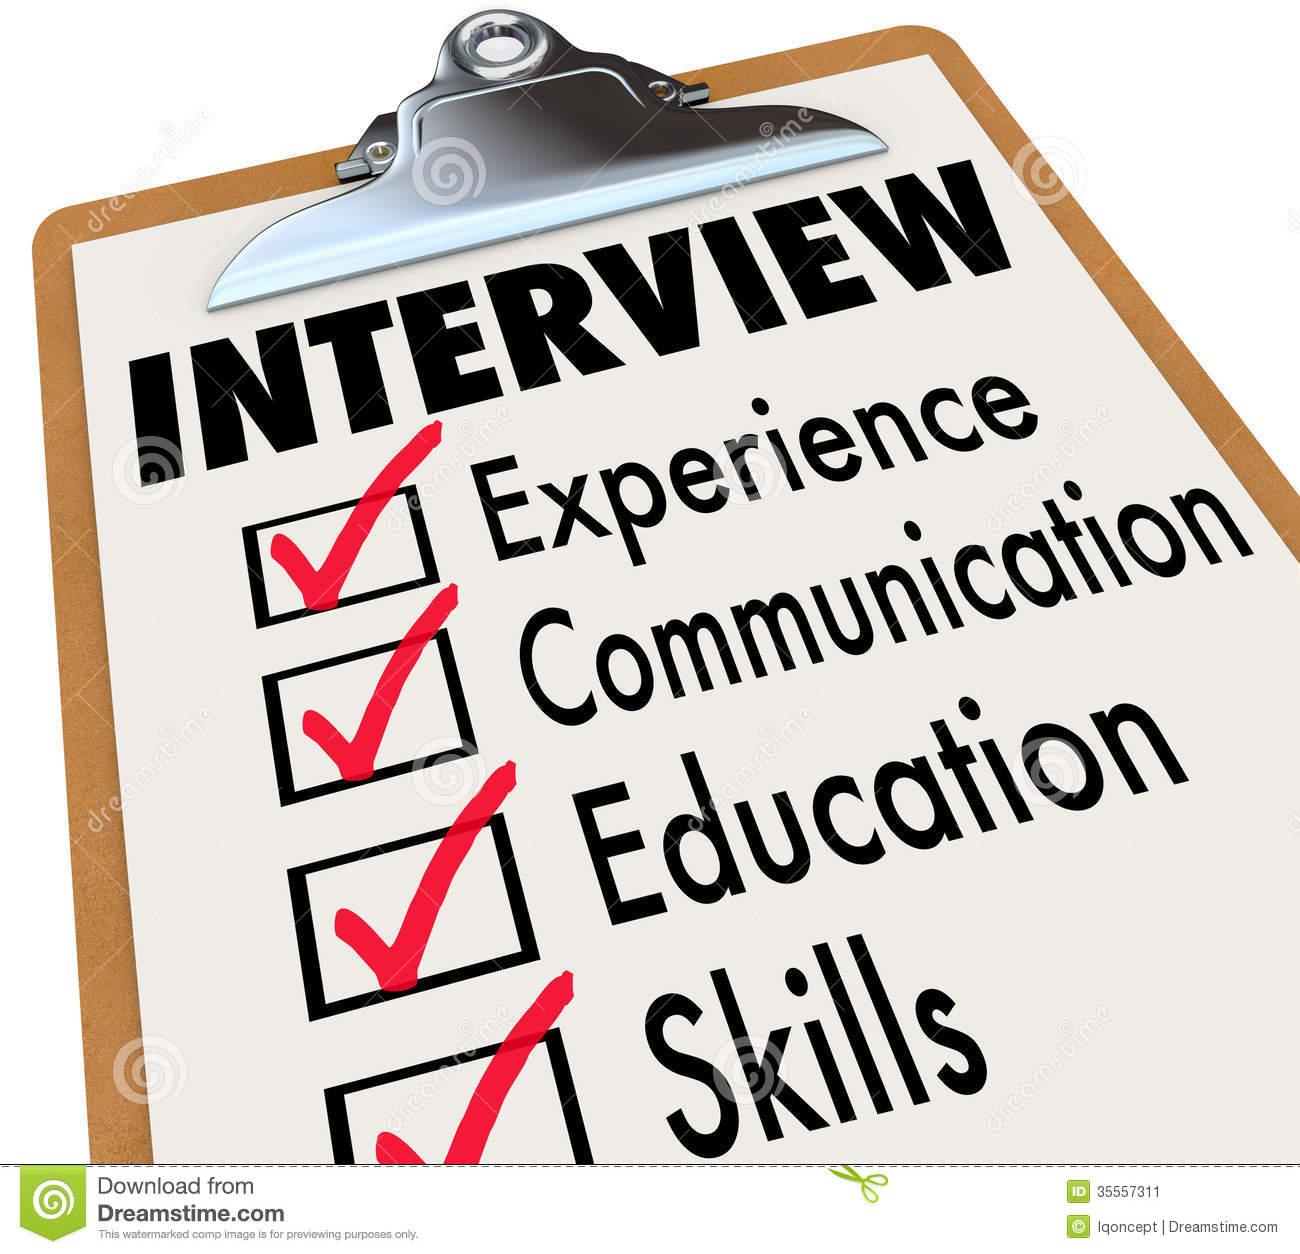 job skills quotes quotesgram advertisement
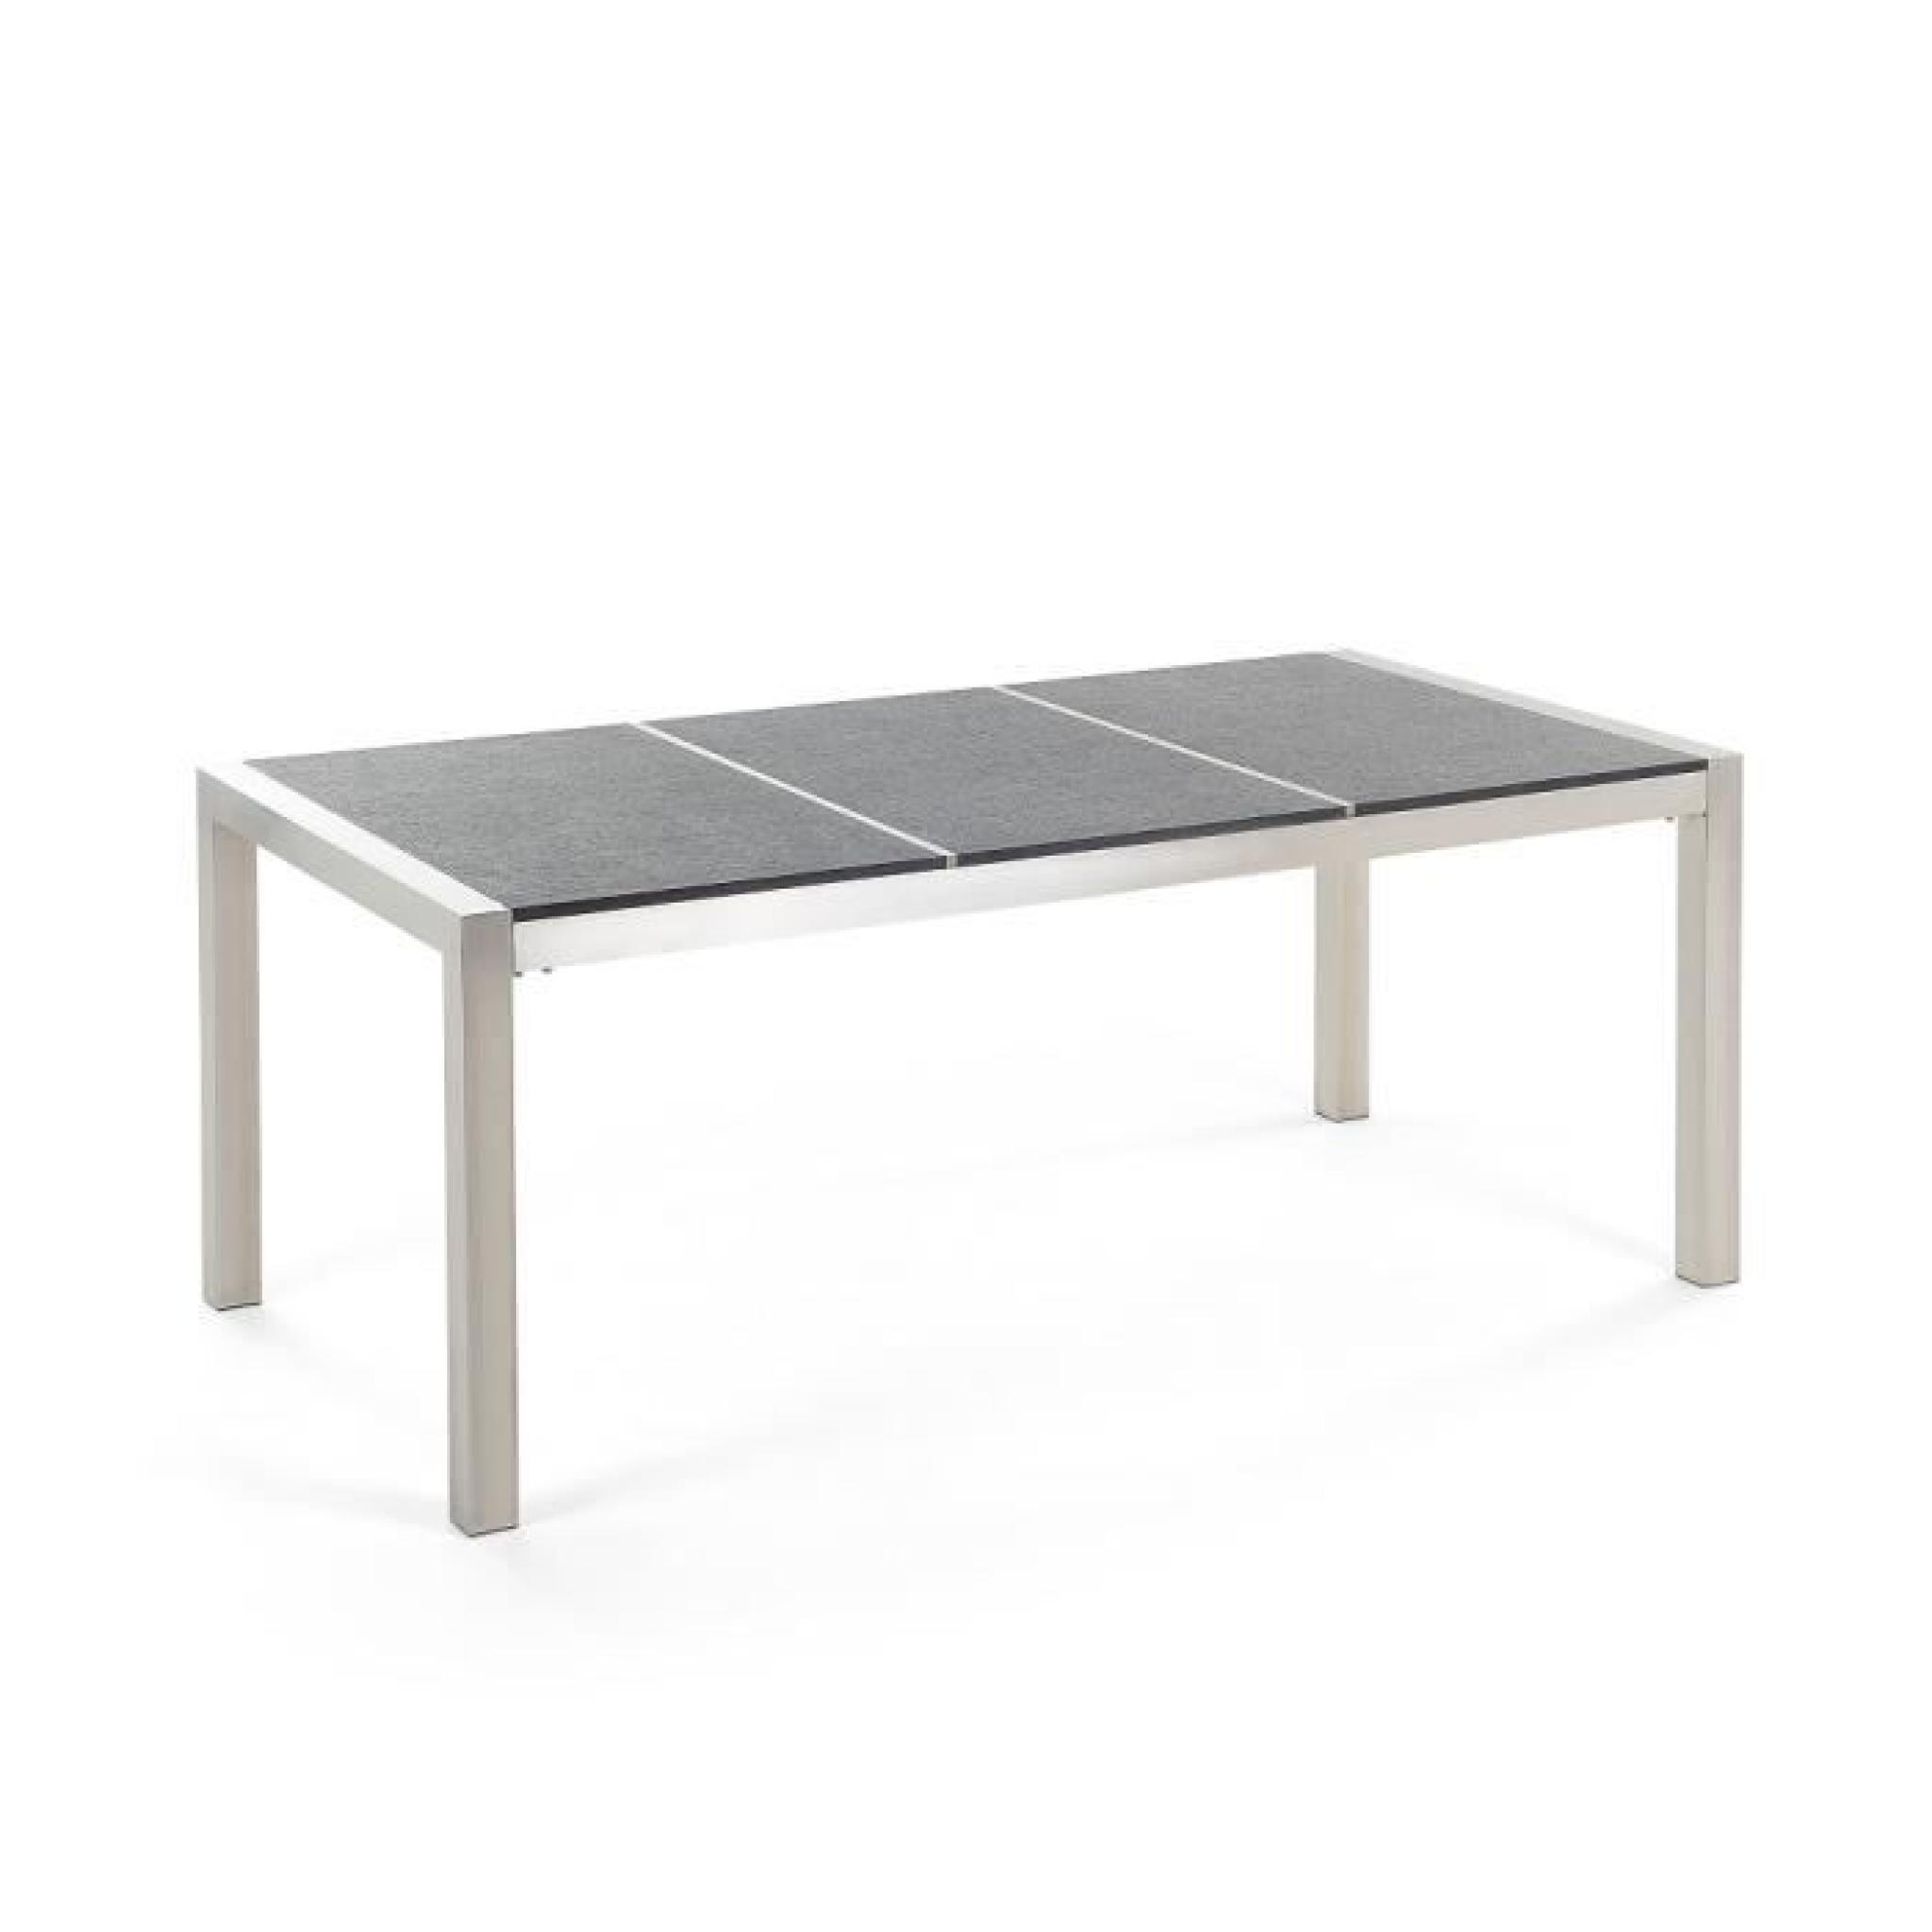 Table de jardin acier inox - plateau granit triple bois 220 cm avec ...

________________________________________

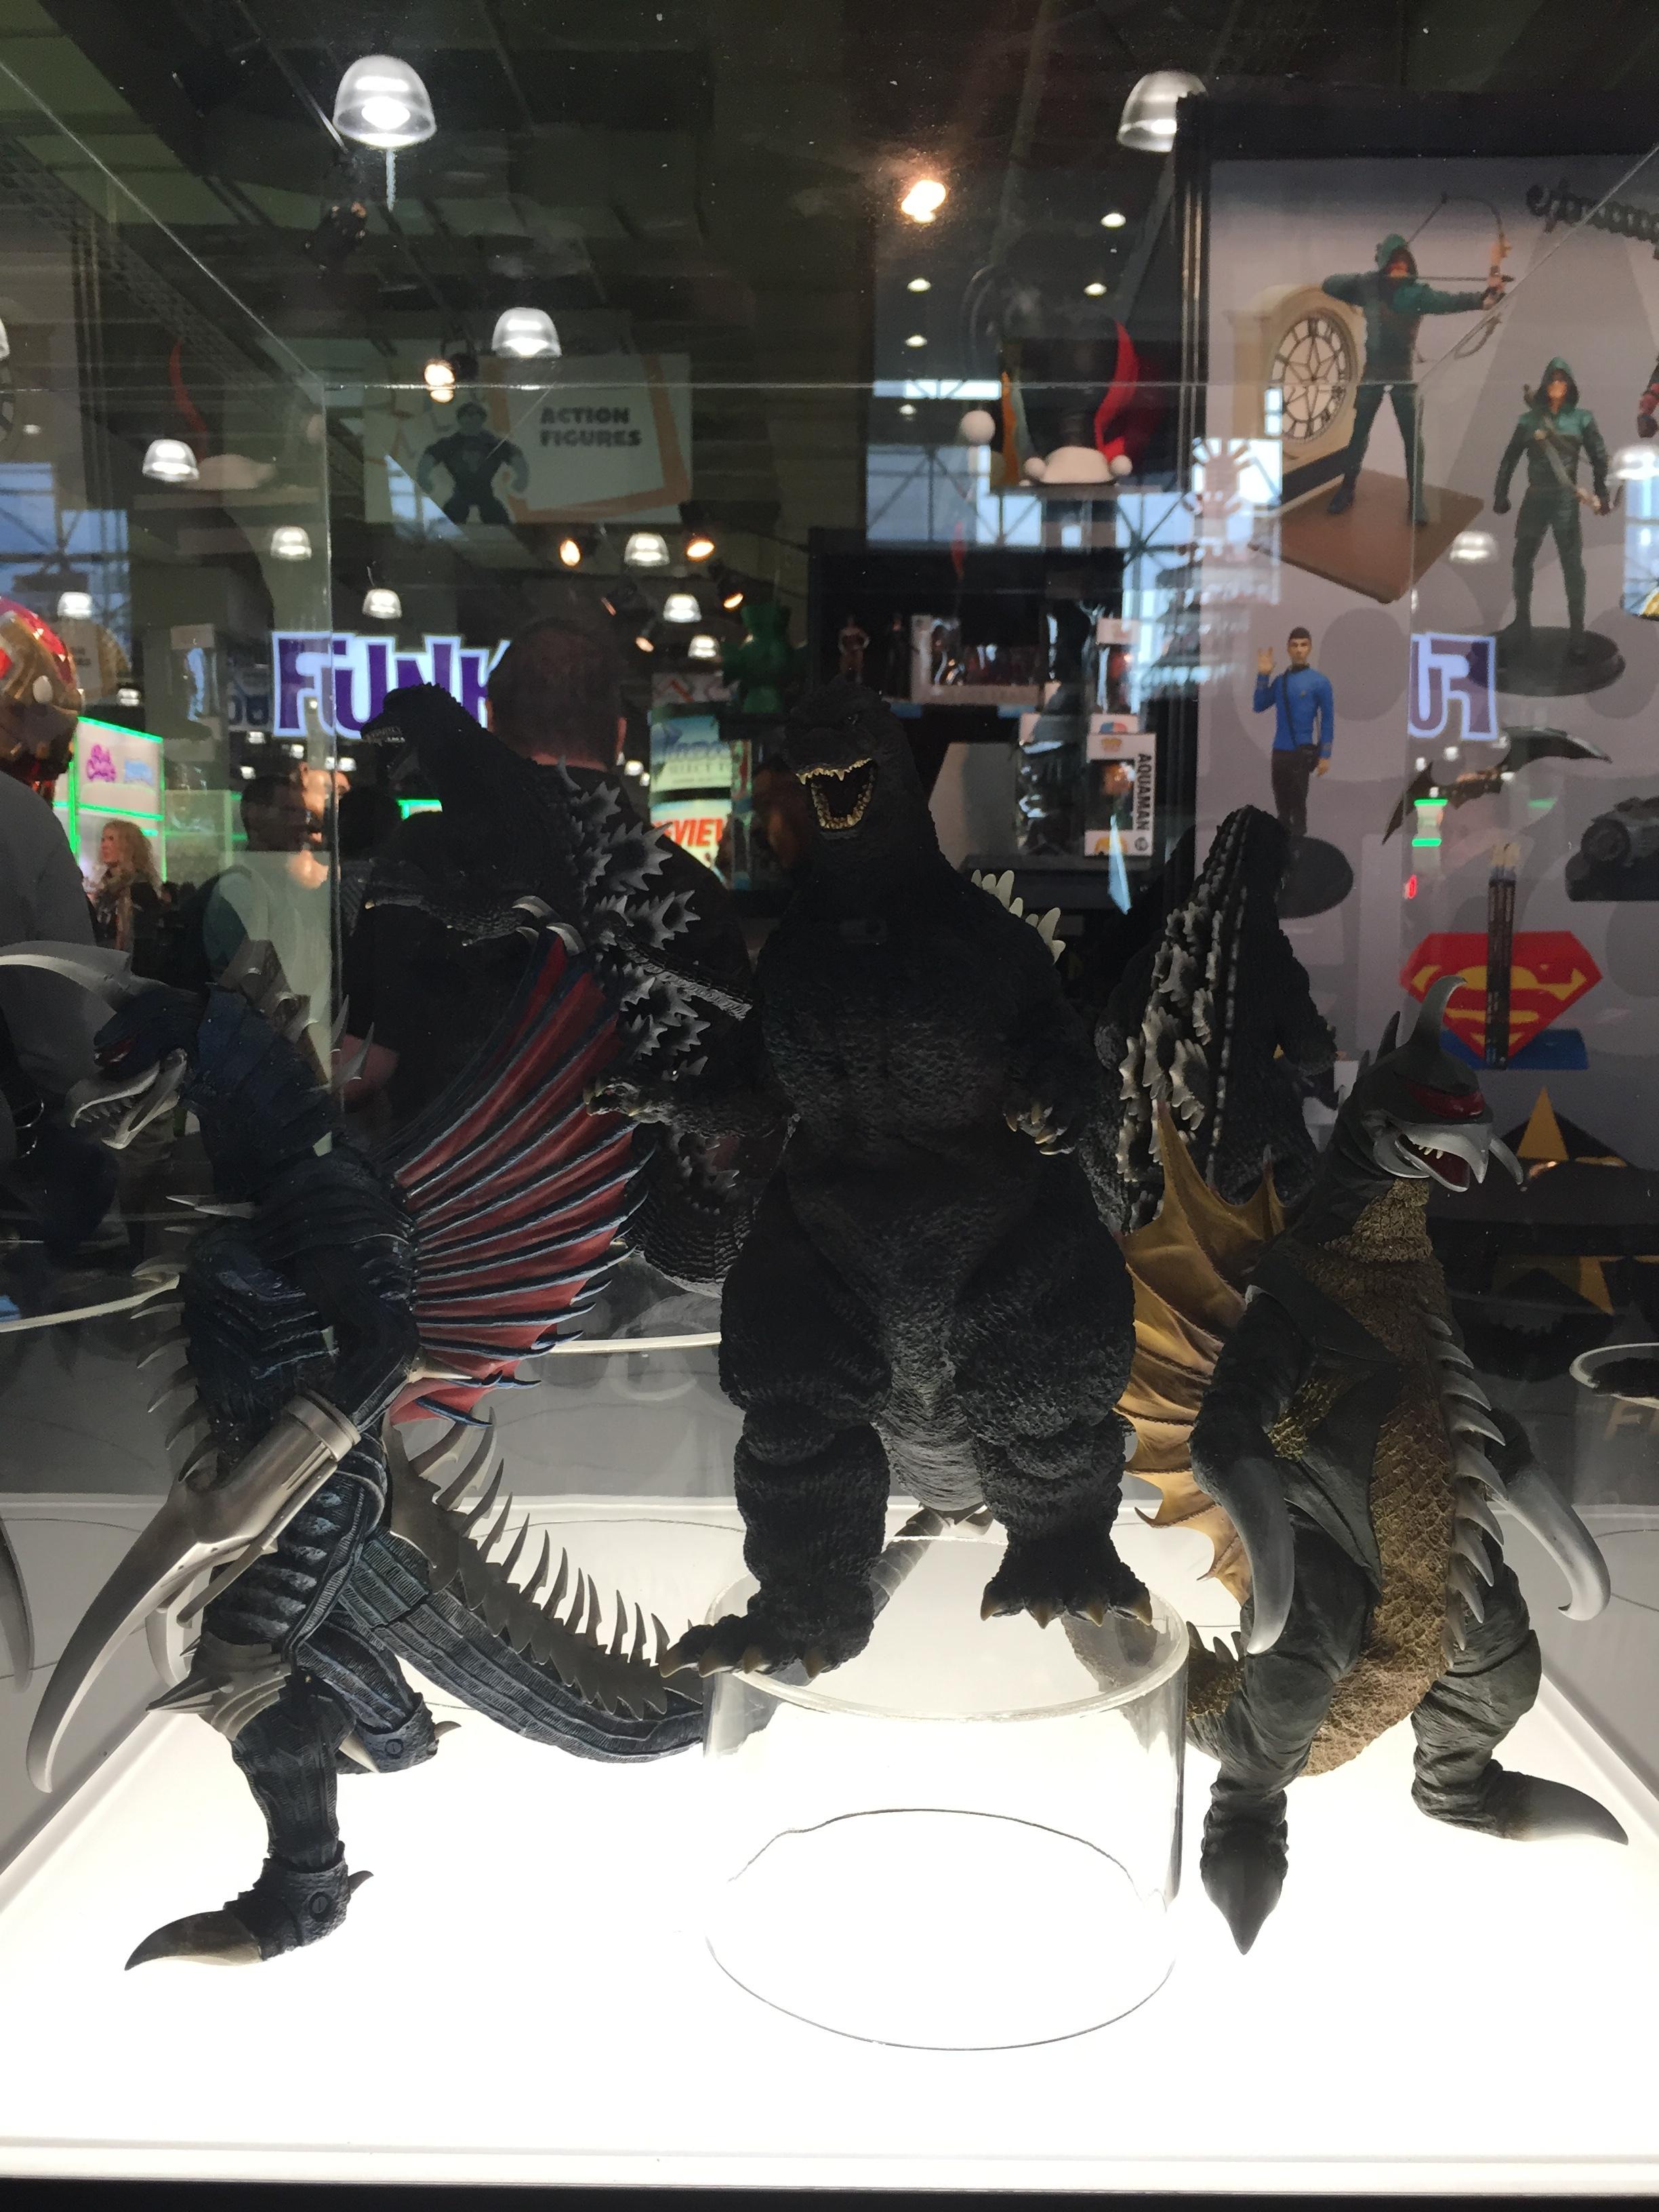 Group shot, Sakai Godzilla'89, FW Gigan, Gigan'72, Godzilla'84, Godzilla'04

________________________________________

In the listing above, find the line containing "job skills quotes quotesgram advertisement" and the line containing "Table de jardin", then write out both of them and every line between, exactly, with no pictures.

Output for this task –
 job skills quotes quotesgram advertisement
 Table de jardin acier inox - plateau granit triple bois 220 cm avec ...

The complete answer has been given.